When the influence of LPS oral administration on glial cell line-derived neurotrophic factor (GNDF), which is known to exhibit cell death inhibition, was examined, it was found that gene expression of glial cell line-derived neurotrophic factor (GNDF) is increased significantly by LPS oral administration. This suggests the possibility that LPS oral administration exhibits an action of preventing cellular damage or tissue damage of a living body that is caused by one reason or another.

A cancer chemotherapeutic agent inflicts damage on normal dividing cells and there is thus a possibility that damage is occurring even in tissue with which a side effect is not apparent. In tissue in which cellular damage occurs concentratedly, this is observed as a symptom of side effect in the tissue. The most serious side effect is death of an individual. It is thus considered that the benefits of oral ingestion of LPS as a supportive therapy can be evaluated using an animal model in which death of an individual induced by cancer chemotherapy is prevented. With the present invention, death prevention effect by oral administration of LPS was clarified using models of death by cancer chemotherapeutic agents in mice.

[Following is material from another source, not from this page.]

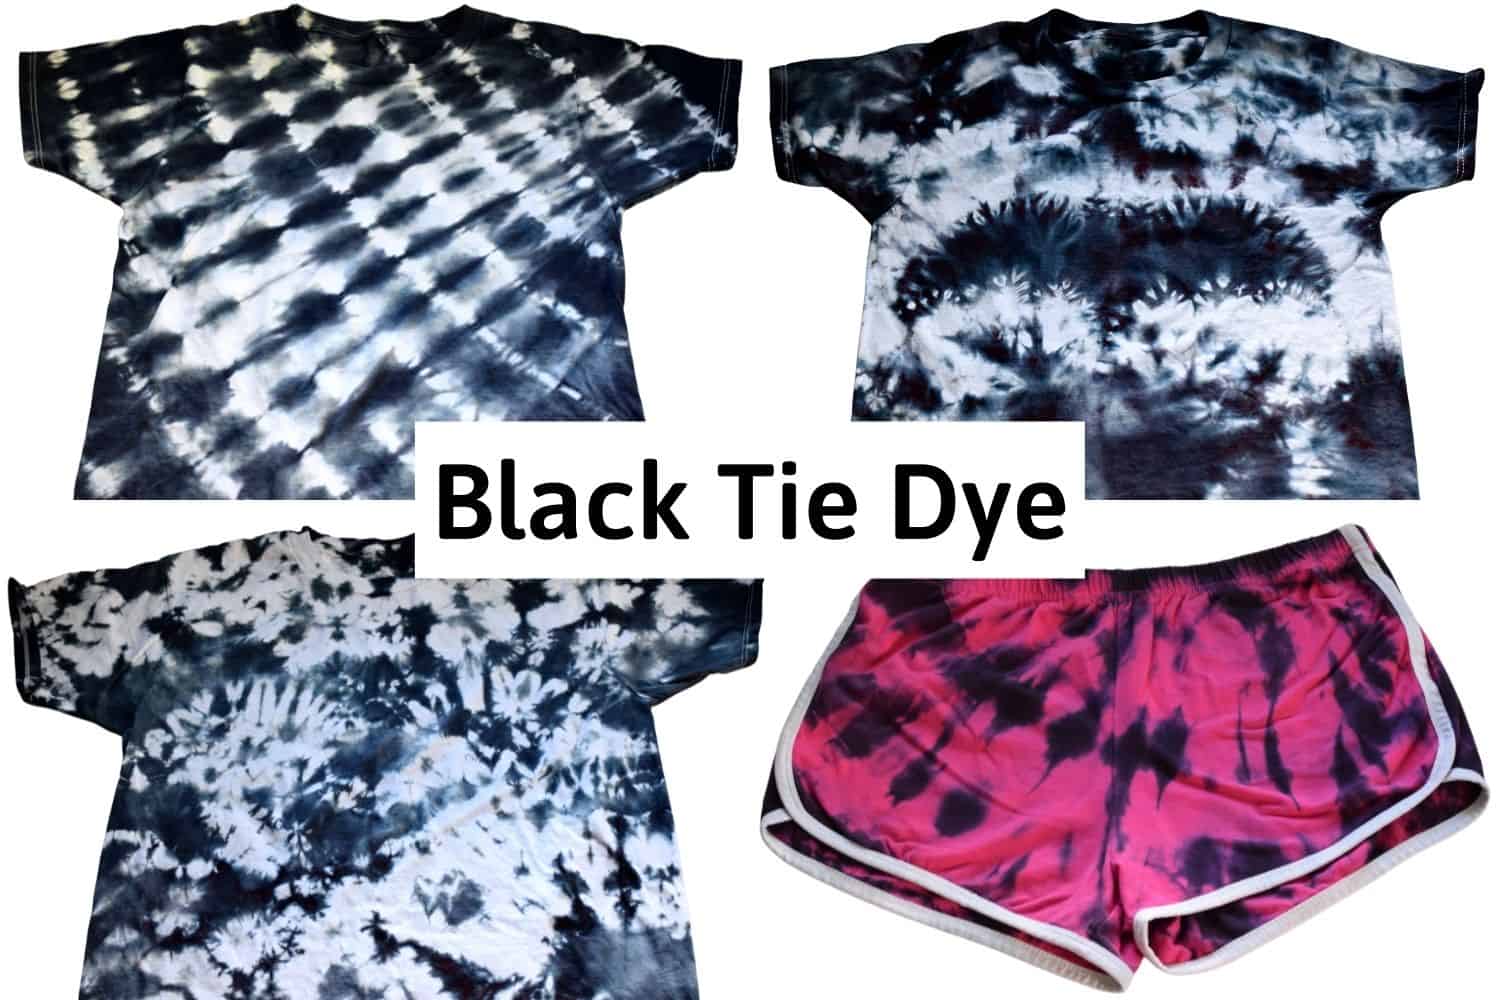 Tie Dye Designs: 3 Red and Black Spirals

The LPSs that are used as supportive therapy agents are substances that are present in the environment and are substances that are not only ingested to some degree even in daily life but are also being blended in foods and cosmetics. Through oral ingestion, LPSs increase functionality of intraperitoneal and intracerebral phagocytes (macrophages) (NPLs 8 and 9). Also, activated phagocytes have a function of repairing tissue damage inside a living body. Although as LPSs, LPSs derived from bacteria belonging to genus Pantoea, bacteria belonging to genus Enterobacter, bacteria belonging to genus Xanthomonas, bacteria belonging to family Acetobacteraceae, and bacteria belonging to genus Zymomonas that are plant symbiotic bacteria with history of use in foods can be cited, as long as an LPS is used, it is not necessary to specify the bacterial strain.

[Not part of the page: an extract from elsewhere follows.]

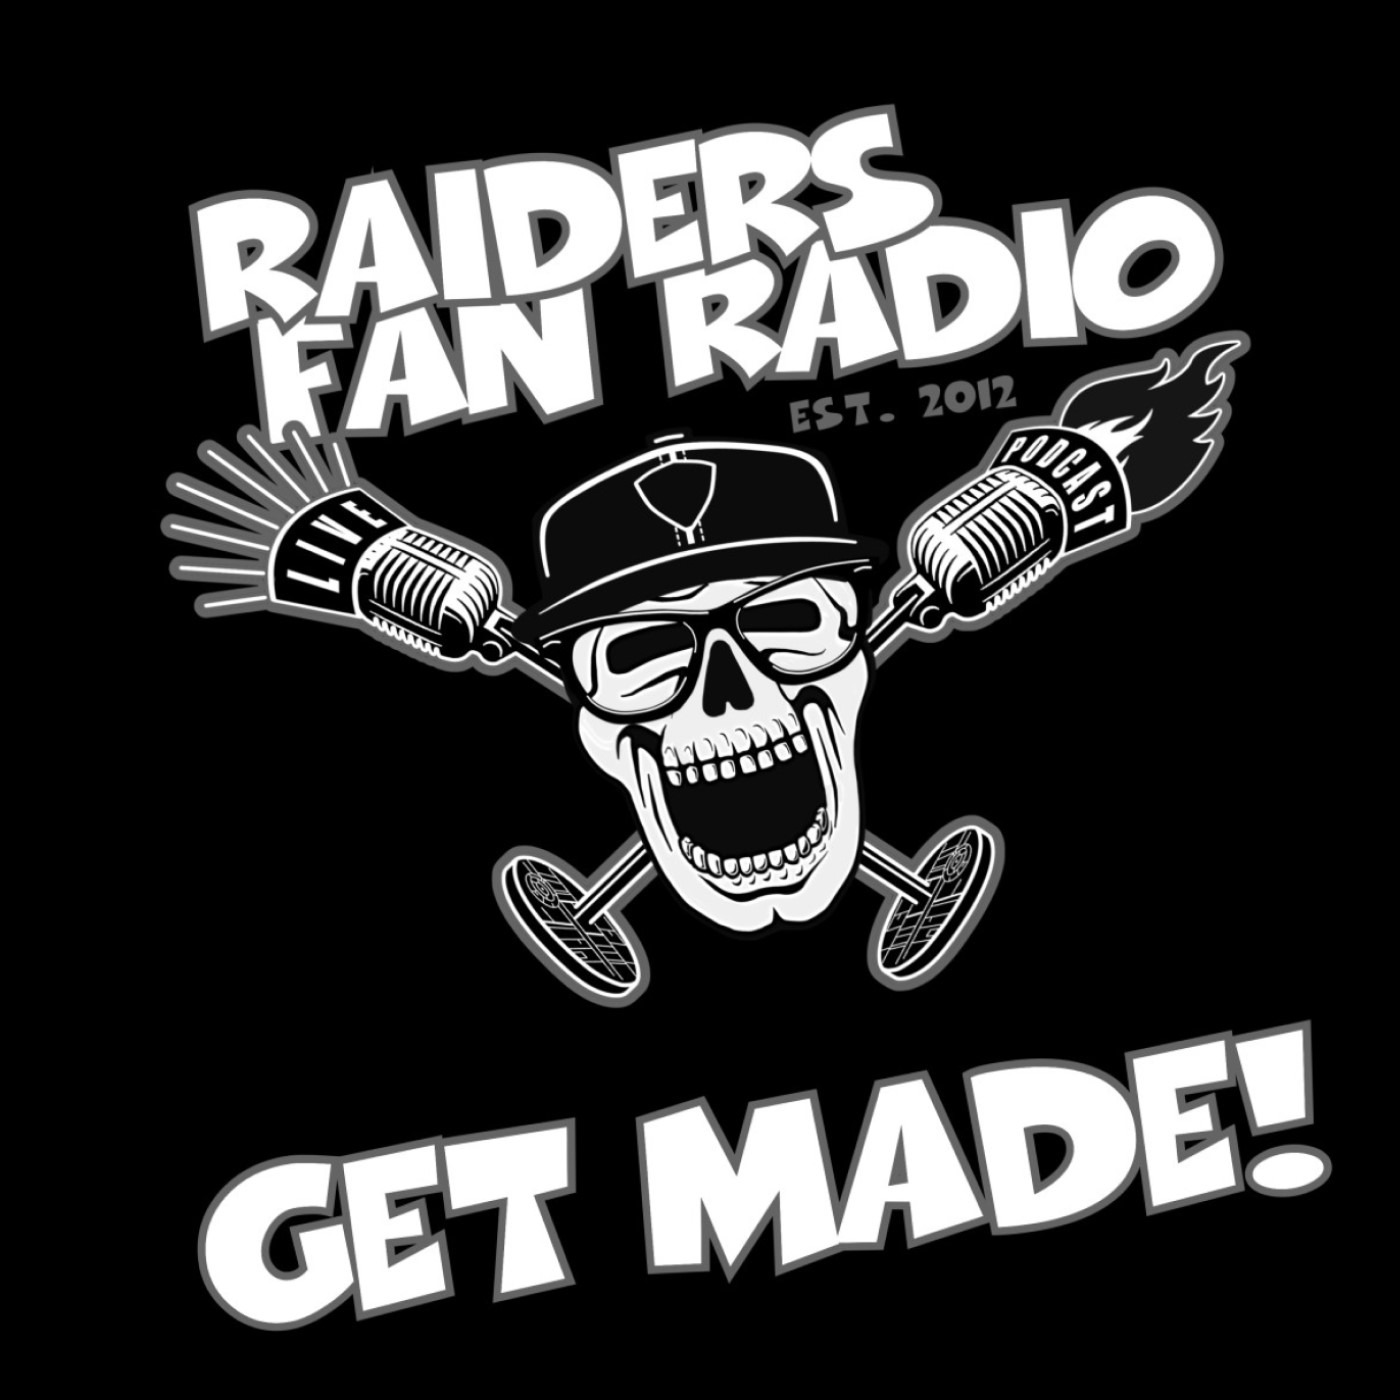 Raiders Fan Radio Ep. 286 It's Getting Drafty

As cancer chemotherapeutic agents, generally used antimetabolites (substances that inhibit use of metabolites that are produced and inhibit DNA production in dividing cells; 5-fluorouracil (5-FU), cytarabine, cladribine, etc.), alkylating agents (that stop cell division by alkylating DNA and crosslinking guanine bases of the double chain to each other; cyclophosphamide, melphalan, ifosfamide, busulfan, streptozotocin, etc.), microtubule affecting agents (that bind to tubulin, which forms microtubules, to inhibit polymerization; paclitaxel, docetaxel, vincristine, vinblastine, etc.), topoisomerase inhibiting agents (that inhibit rebinding of DNA by acting on topoisomerase that synthesizes the DNA of cancer cells; irinotecan, etoposide, etc.), anticancer antibacterial agents (action mechanism differs according to drug; doxorubicin, bleomycin, mitomycin C, etc.), platinating agents (that inhibit DNA insertion and polymerases; cisplatin, epirubicin, carboplatin, etc.) and the like that exhibit cytotoxic action are applicable.

Advantageous Effects of Invention

By side effects (increased susceptibility to infection, anemia, bleeding, nausea, stomatitis, diarrhea, change in taste sensation, hair loss, skin disorder, change in nails, death, etc.) due to cancer chemotherapeutic agents being reduced by oral ingestion of the LPS of the present invention, patients being treated for cancer will become able to lead an ordinary life without degradation of quality of life (QOL). Also, by making it possible to increase the administration amounts of chemotherapeutic agents, increase in cancer curing effect can also be anticipated.

LPSs are food ingredients and since there are no side effects at all even when ingested by a healthy individual, foods and food ingredients (supplements) can be ingested by anybody. The advantages that use in combination with various choices of cancer treatment is possible and that continued use before, during, and even after treatment does not present a problem are thus provided.

BRIEF DESCRIPTION OF DRAWINGS

FIG. 1 is a diagram showing results of an experiment of Example 1 of the present invention.

FIG. 2 is a diagram showing results of an experiment of Example 2 of the present invention.

FIG. 3 is a diagram showing results of an experiment of Example 5 of the present invention.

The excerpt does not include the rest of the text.